- _Data for review_
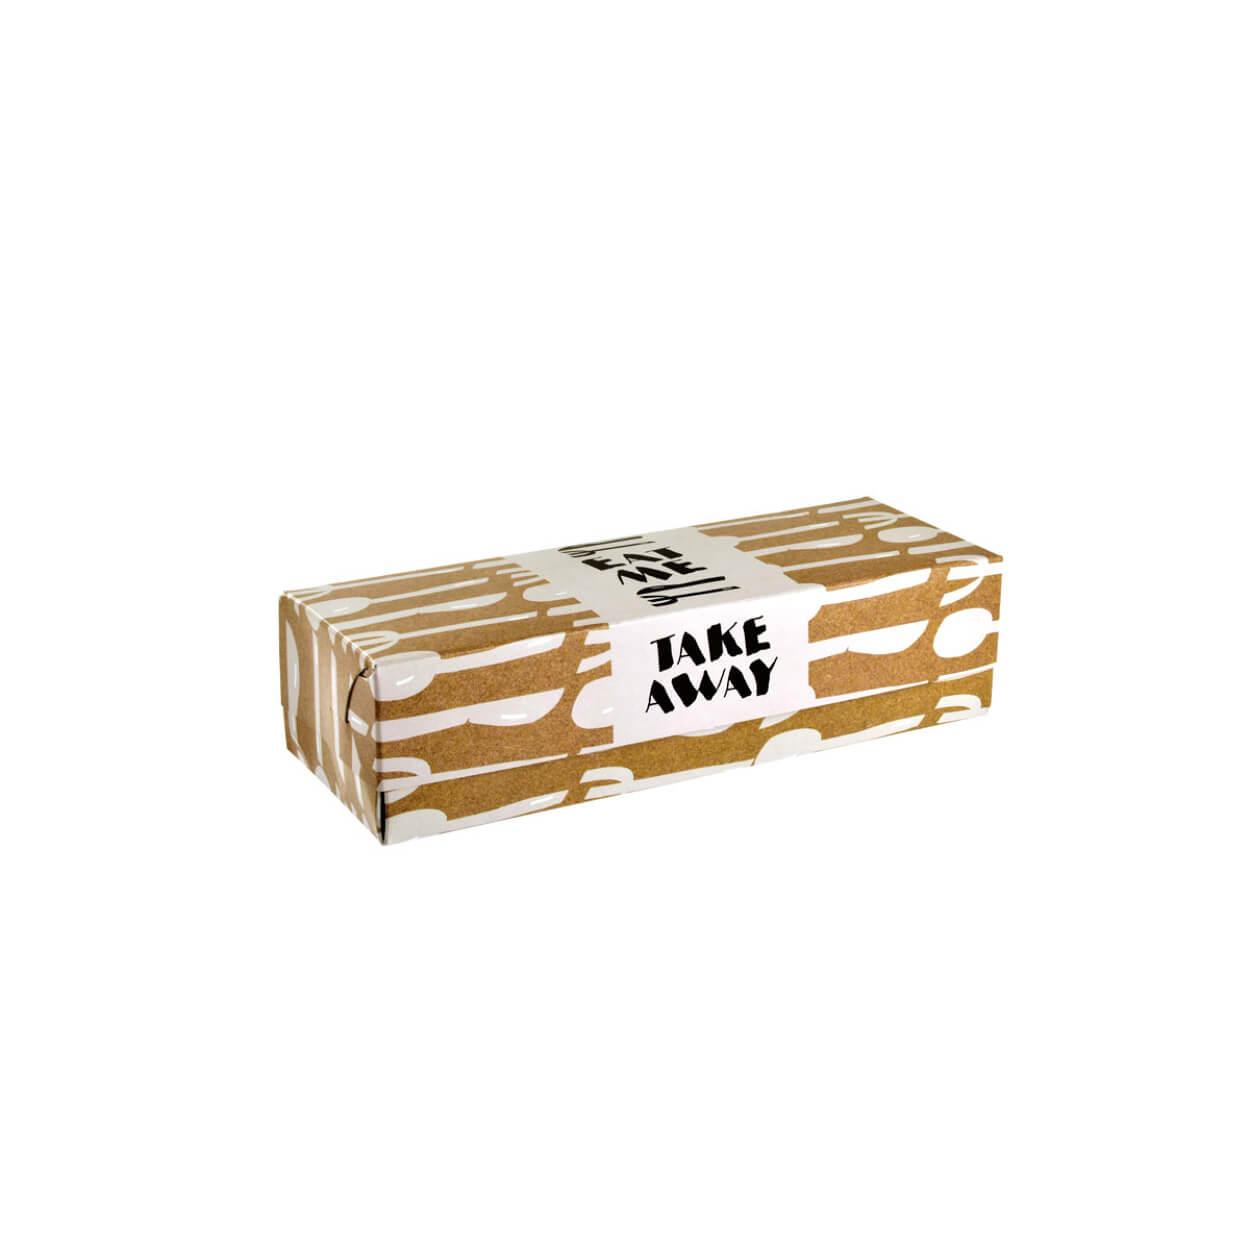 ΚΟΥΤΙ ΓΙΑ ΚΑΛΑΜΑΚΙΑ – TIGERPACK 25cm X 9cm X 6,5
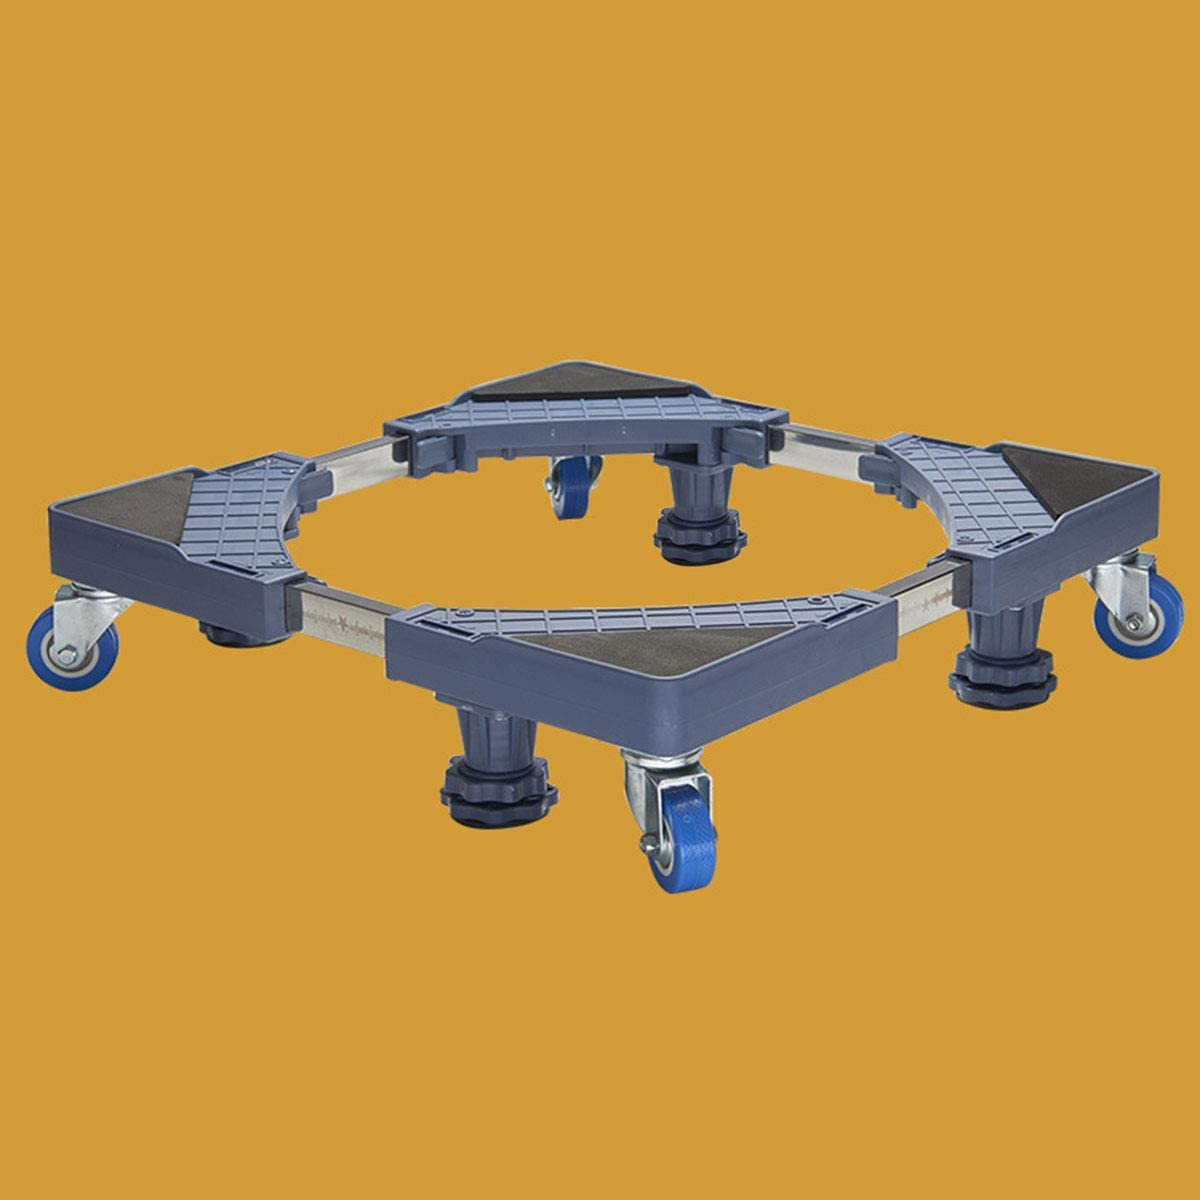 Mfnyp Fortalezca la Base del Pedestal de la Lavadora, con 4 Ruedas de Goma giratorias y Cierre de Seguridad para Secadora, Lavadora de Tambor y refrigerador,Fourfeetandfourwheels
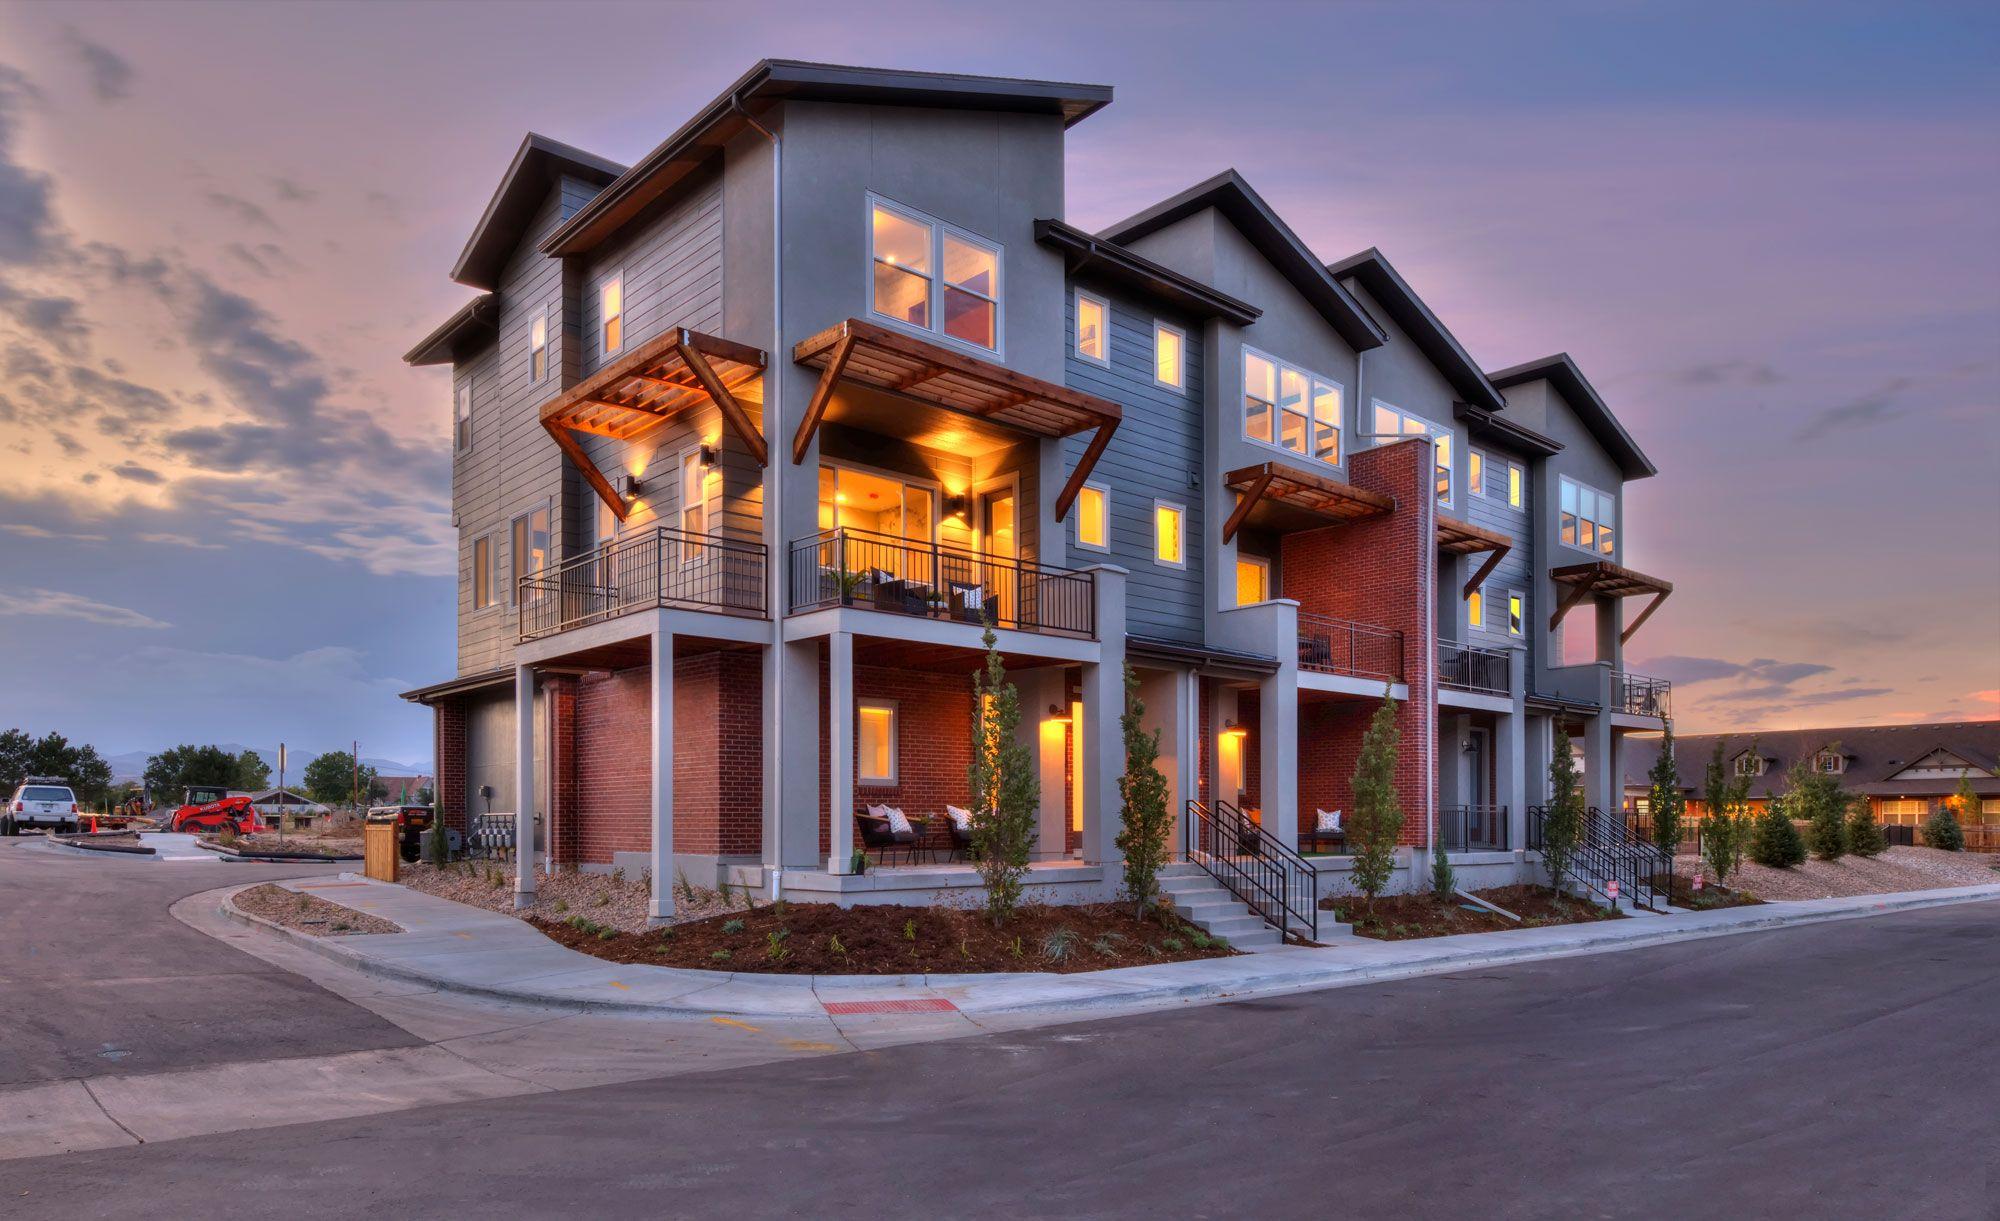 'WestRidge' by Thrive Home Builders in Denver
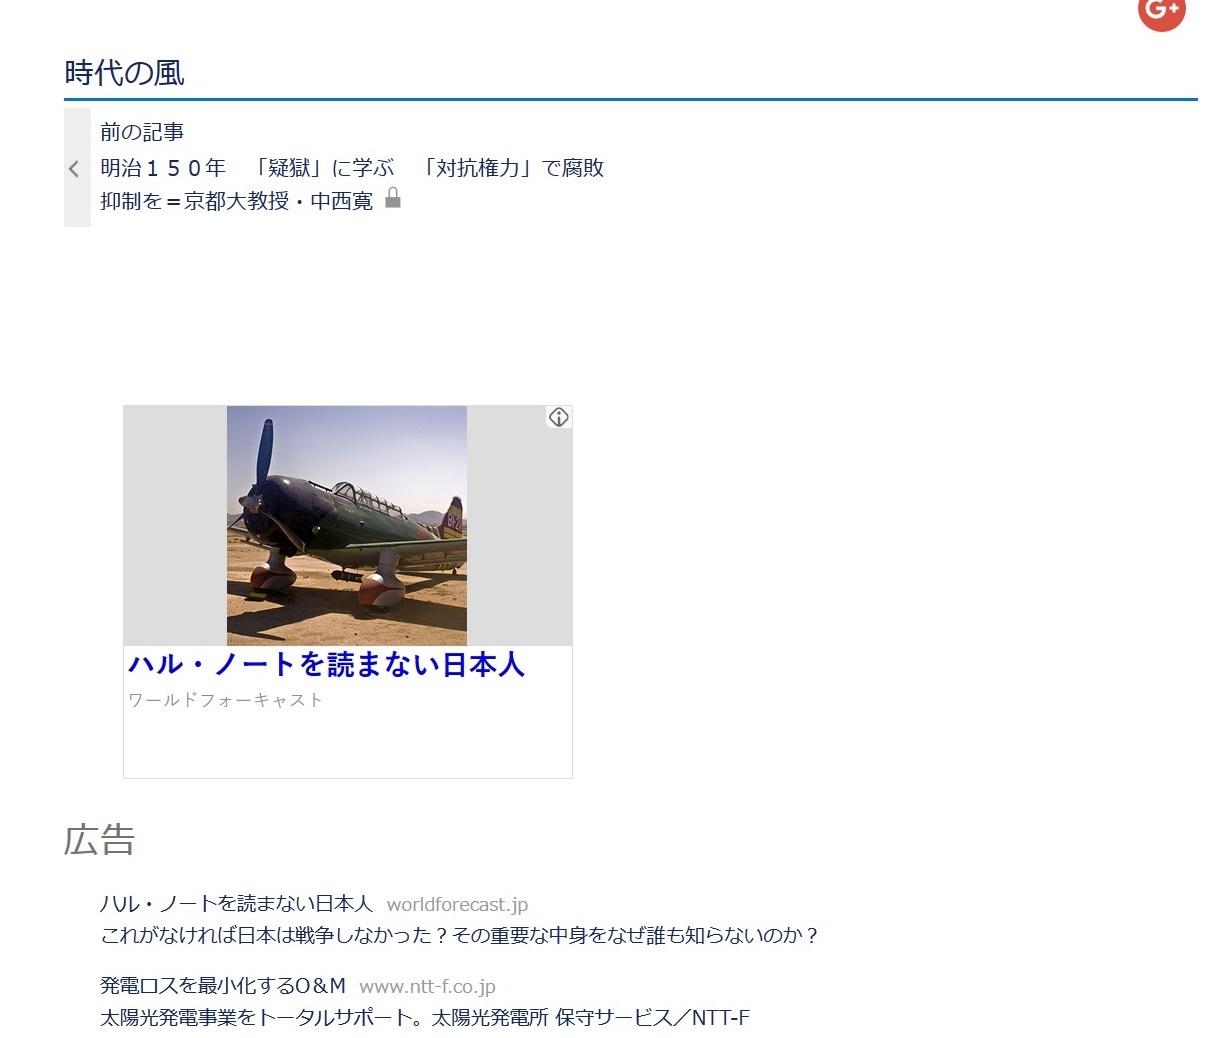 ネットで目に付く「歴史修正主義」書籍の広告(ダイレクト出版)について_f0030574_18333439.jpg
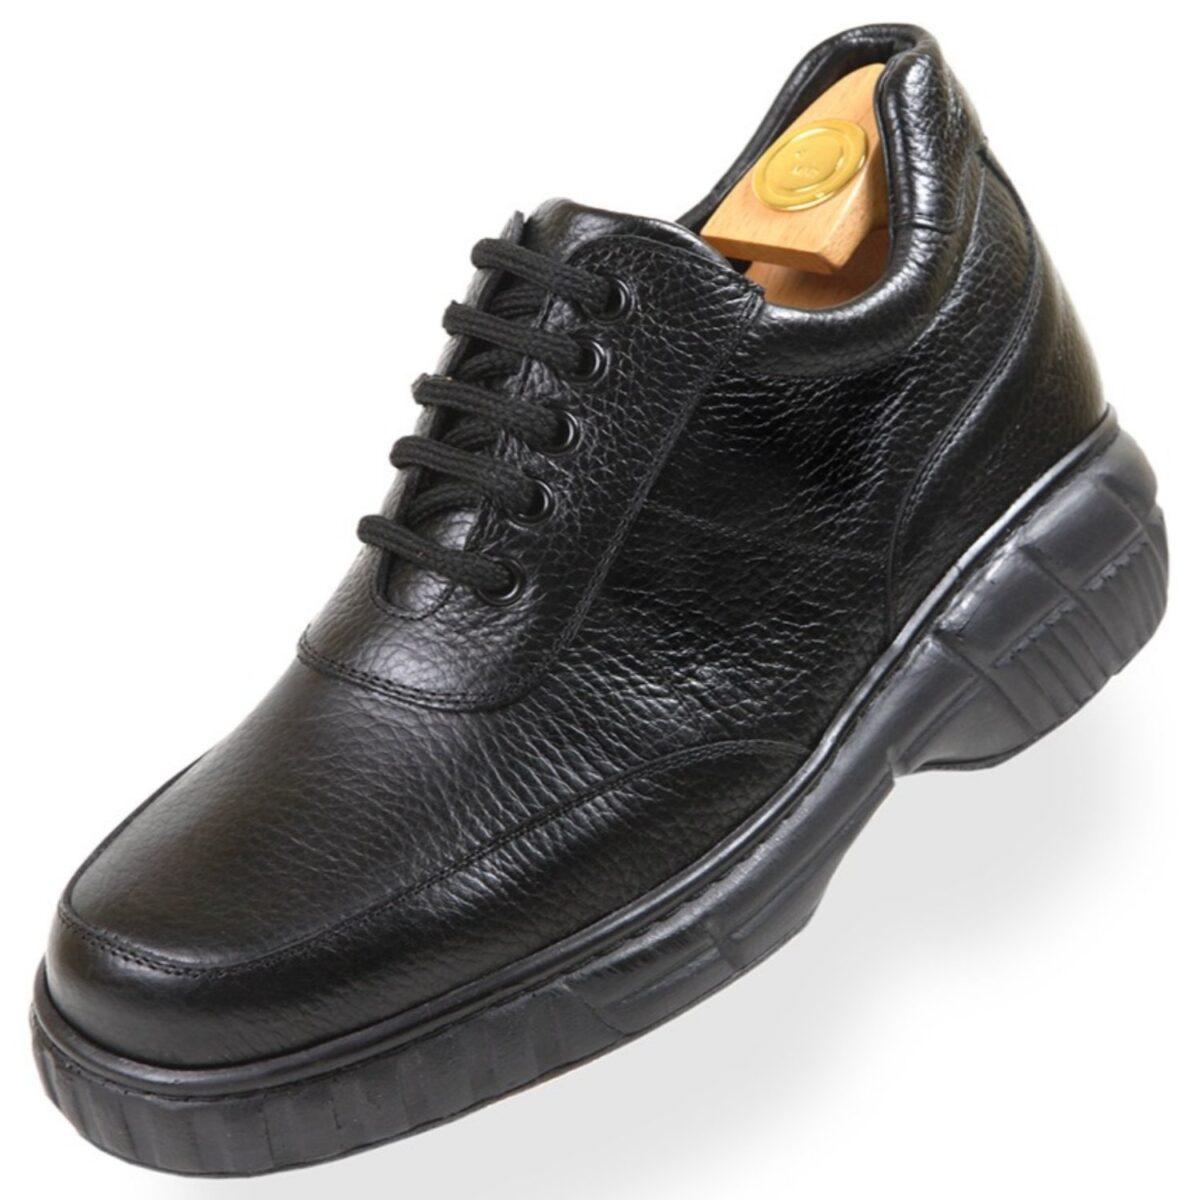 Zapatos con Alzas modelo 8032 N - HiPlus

- _What is expected_
Retype the material above exactly, images excluded.

- _Answer to the problem_
 ΚΟΥΤΙ ΓΙΑ ΚΑΛΑΜΑΚΙΑ – TIGERPACK 25cm X 9cm X 6,5
 Mfnyp Fortalezca la Base del Pedestal de la Lavadora, con 4 Ruedas de Goma giratorias y Cierre de Seguridad para Secadora, Lavadora de Tambor y refrigerador,Fourfeetandfourwheels
 'WestRidge' by Thrive Home Builders in Denver
 ネットで目に付く「歴史修正主義」書籍の広告(ダイレクト出版)について_f0030574_18333439.jpg
 Zapatos con Alzas modelo 8032 N - HiPlus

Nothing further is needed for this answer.